Der BGH (Urt. v. 21.11.2006 - Az.: VI ZR 259/05: PDF) hatte darüber zu entscheiden, ob Personen, die durch ihre berufliche Tätigkeit ins kritische Blickfeld der Öffentlichkeit geraten sind, hinnehmen müssen, dass ihr Name genannt wird.

Die Zivilrichter sind der Ansicht, dass eine Namensnennung im Rahmen der Berichterstattung über die berufliche Tätigkeit unter weitaus geringeren Voraussetzungen möglich sei als im privaten Umfeld:

"Der erkennende Senat hat für eine Berichterstattung über die berufliche Sphäre des Betroffenen klargestellt, dass der Einzelne sich in diesem Bereich von vornherein auf die Beobachtung seines Verhaltens durch eine breitere Öffentlichkeit wegen der Wirkungen, die seine Tätigkeit hier für andere hat, einstellen muss (...)

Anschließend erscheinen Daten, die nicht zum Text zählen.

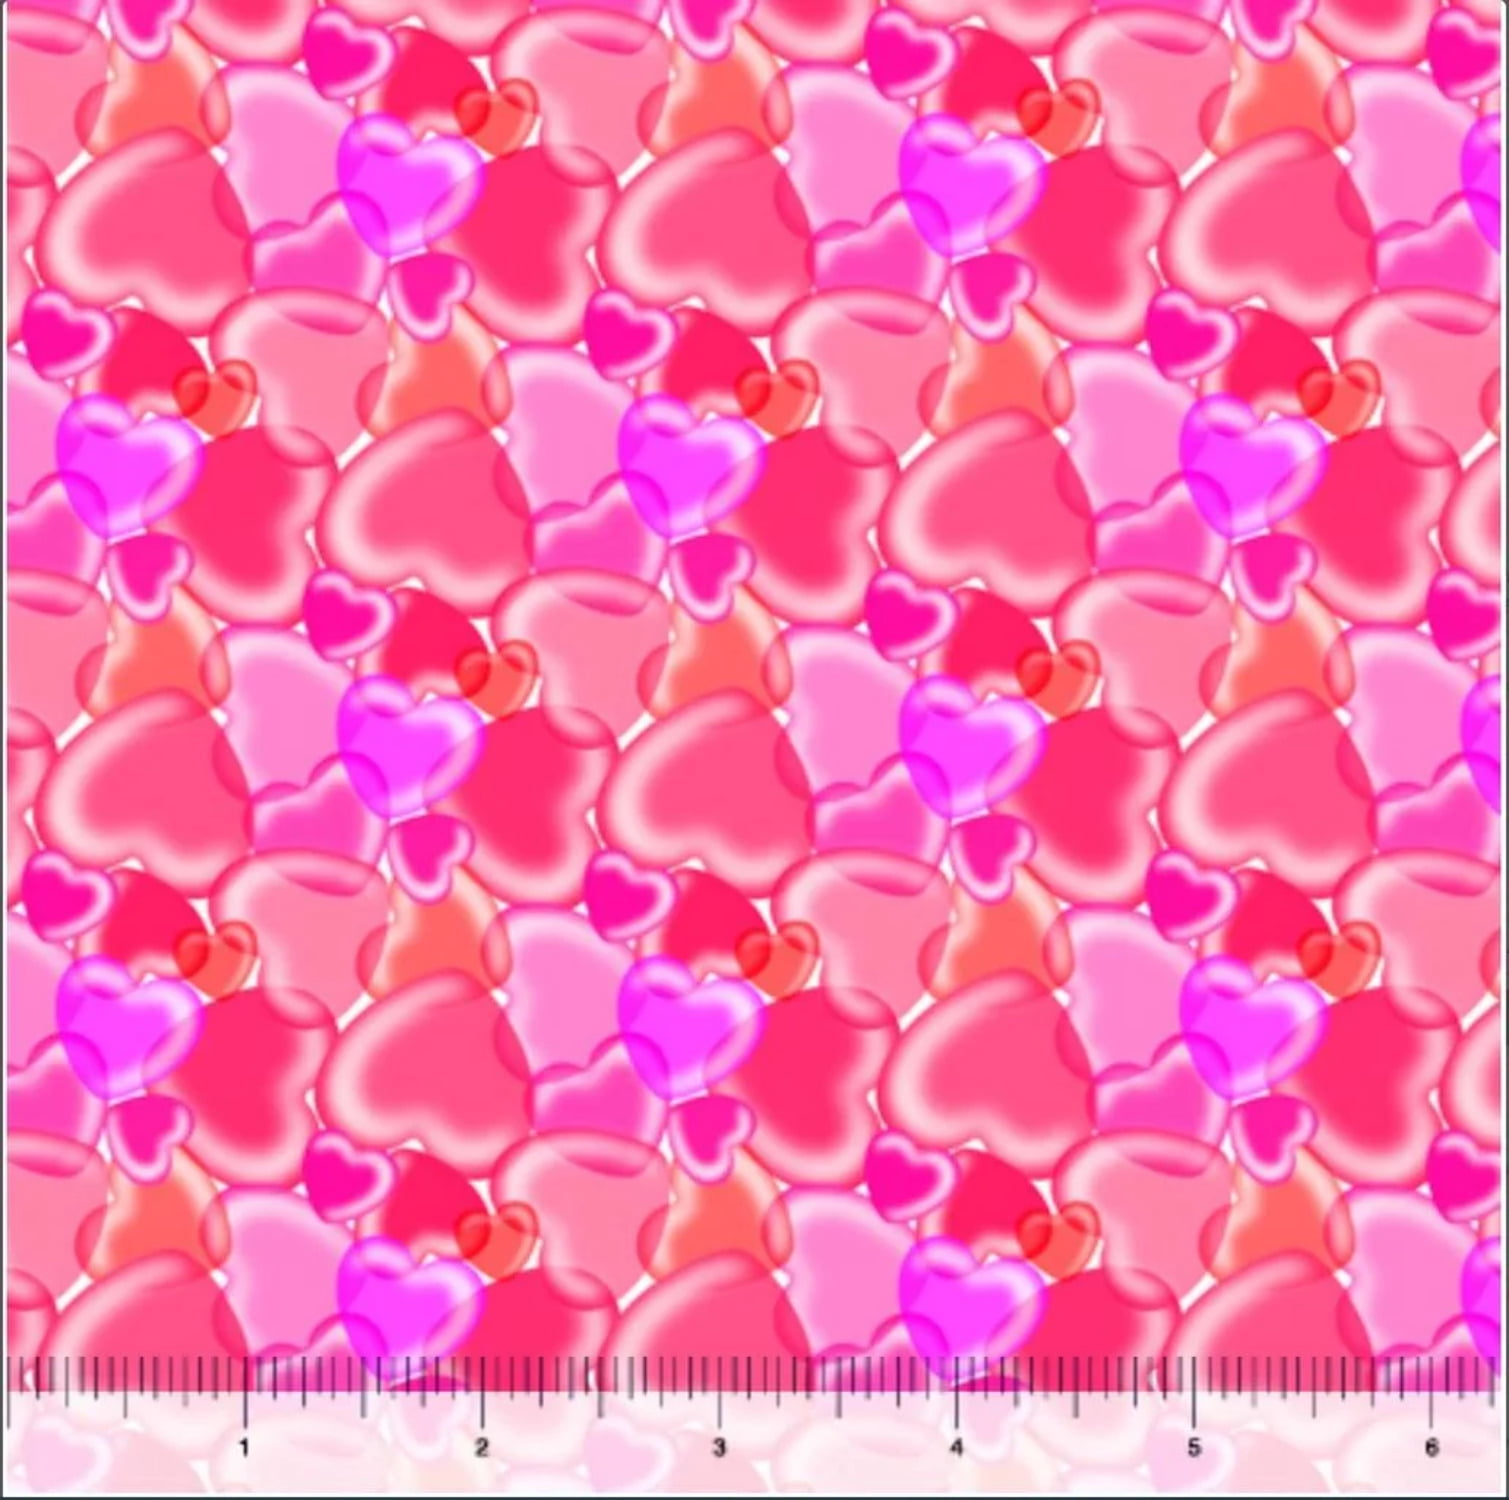 Pink Red Hearts Fabric, Wallpaper and Home Decor

Wer sich im Wirtschaftsleben betätigt, setzt sich in erheblichem Umfang der Kritik an seinen Leistungen aus (...). Zu einer solchen Kritik gehört auch die Namensnennung. Die Öffentlichkeit hat in solchen Fällen ein legitimes Interesse daran zu erfahren, um wen es geht und die Presse könnte durch eine anonymisierte Berichterstattung ihre meinungsbildenden Aufgaben nicht erfüllen."


Und weiter:

"Insoweit drückt sich die Sozialbindung des Individuums in Beschränkungen seines Persönlichkeitsschutzes aus. Denn dieser darf nicht dazu führen, Bereiche des Gemeinschaftslebens von öffentlicher Kritik und Kommunikation allein deshalb auszusperren, weil damit beteiligte Personen gegen ihren Willen ins Licht der Öffentlichkeit geraten (...)."

Nur dort, wo die Namensnennung zu einer "Prangerwirkung oder einer sozialen Ausgrenzung" der genannten Person führe, gelte etwas anderes.